Prove if $(16a+17b)(17a+16b)$ is divisble by 11, then $(16a+17b)(17a+16b)$ is divisible by $121, a, b \in \mathbb Z$
After multiplication of $(16a+17b)(17a+16b)$, all I have is at least number $1089$ which is divisible by $11$ and $121$ too. But I think that isn't enough for proof. Can you help me?
On
$$ (11+5)a+(22-5)b = 11k\Rightarrow 11a+22b+5(a-b) = 11k $$
but then
$$ (22-5)a+(11+5)b = 22a+11b+5(b-a) $$
and then if $11| (a-b)\Rightarrow 11|(b-a)$
On
Let $x=16a+17b$ and $y=17a+16b$; then $$ x+y=33(a+b) $$ so the sum is divisible by $11$. Hence if $11$ either divides $x$ or $y$, then it divides the other.
If $11\mid xy$, then it either divides $x$ or $y$. Hence it divides both.
On
Let $u=b-a$
Then $(16a+17b)(17a+16b)\equiv (33a+17u)(33a+16u)\equiv (0+6u)(0+5u)\equiv 8u^2\pmod{11}$
So if $11\mid 8u^2$ then since $11$ is a prime and $\gcd(8,11)=1$ then $11\mid u$ and $121\mid u^2$.
On
Hint $\bmod 11\!:\ 17\equiv \color{#c00}{-16}\,$ so it has form $\!\!\!\!\!\overbrace{c(-c)}^{\large c\ \equiv\ 16a\color{#c00}{-16b}}.\!\!\!\!\!$ But prime $\,\overbrace{p\mid c^2\!\iff p\mid c}^{\text{by unique factorization}}$
Remark $ $ More generally $\,q\mid dc^2\Rightarrow\, q^2\mid dc^2\,$ if $\,\gcd(q,d)=1\,$ and $q$ is squarefree (i.e. a product of distinct primes). Above is special case $\,d=-1\,$ and $\,q = 11$.
You might wonder how we recognize $\,17\equiv -16\,$ for larger numbers. This is simplified by reducing them to their least magnitude residues $r,\,$ which for modulus $11$ lie in the range $\,-5\le r \le 5.\,$ Making this reduction we find $\, 16\equiv 5\,$ and $\,17\equiv -5$ so now the negation structure is clearer.

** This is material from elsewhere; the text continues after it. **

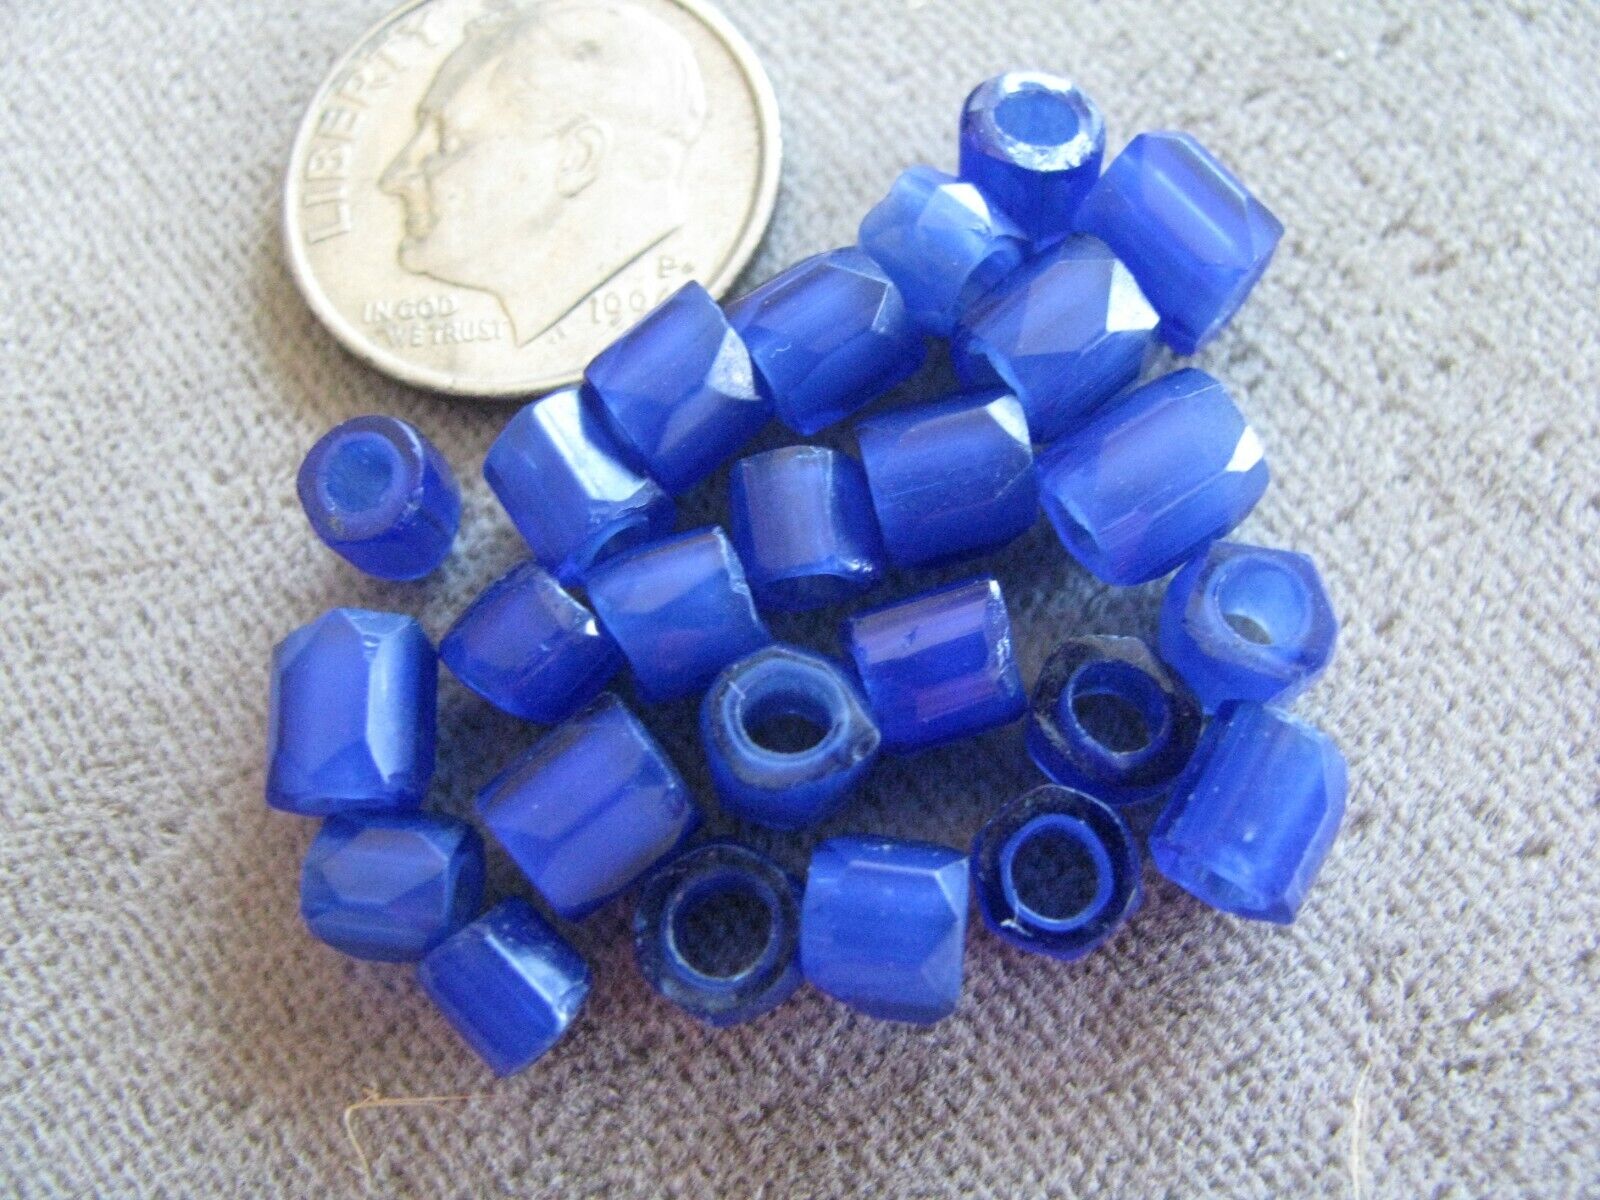 Lot of 25 Antique Czech Glass African Trade Beads Russian Blues 5mm Без бренда - фотография #2

Negation symmetry (reflections or involutions) is one of the most ubiquitous forms of symmetry and exploiting it often leads to great simplifications. Using a least magnitude system of residues helps bring such structure to the fore (as well as reducing computation due to the smaller numbers).
As $11$ is prime we have that $11$ divides one of the factors. If $11 \mid 16a + 17b$, then we have that:
$$11 \mid 16a + 17b \implies 11 \mid 5a + 6b \implies 11 \mid -5a - 6b \implies 11 \mid 17a + 16b$$
Thus $11$ divides both factors and so $121 = 11^2 \mid (16a+17b)(17a+16b)$
You can similarly prove that if $11 \mid 17a + 16b$, then also $11 \mid 16a + 17b$, so you can make the conclusion.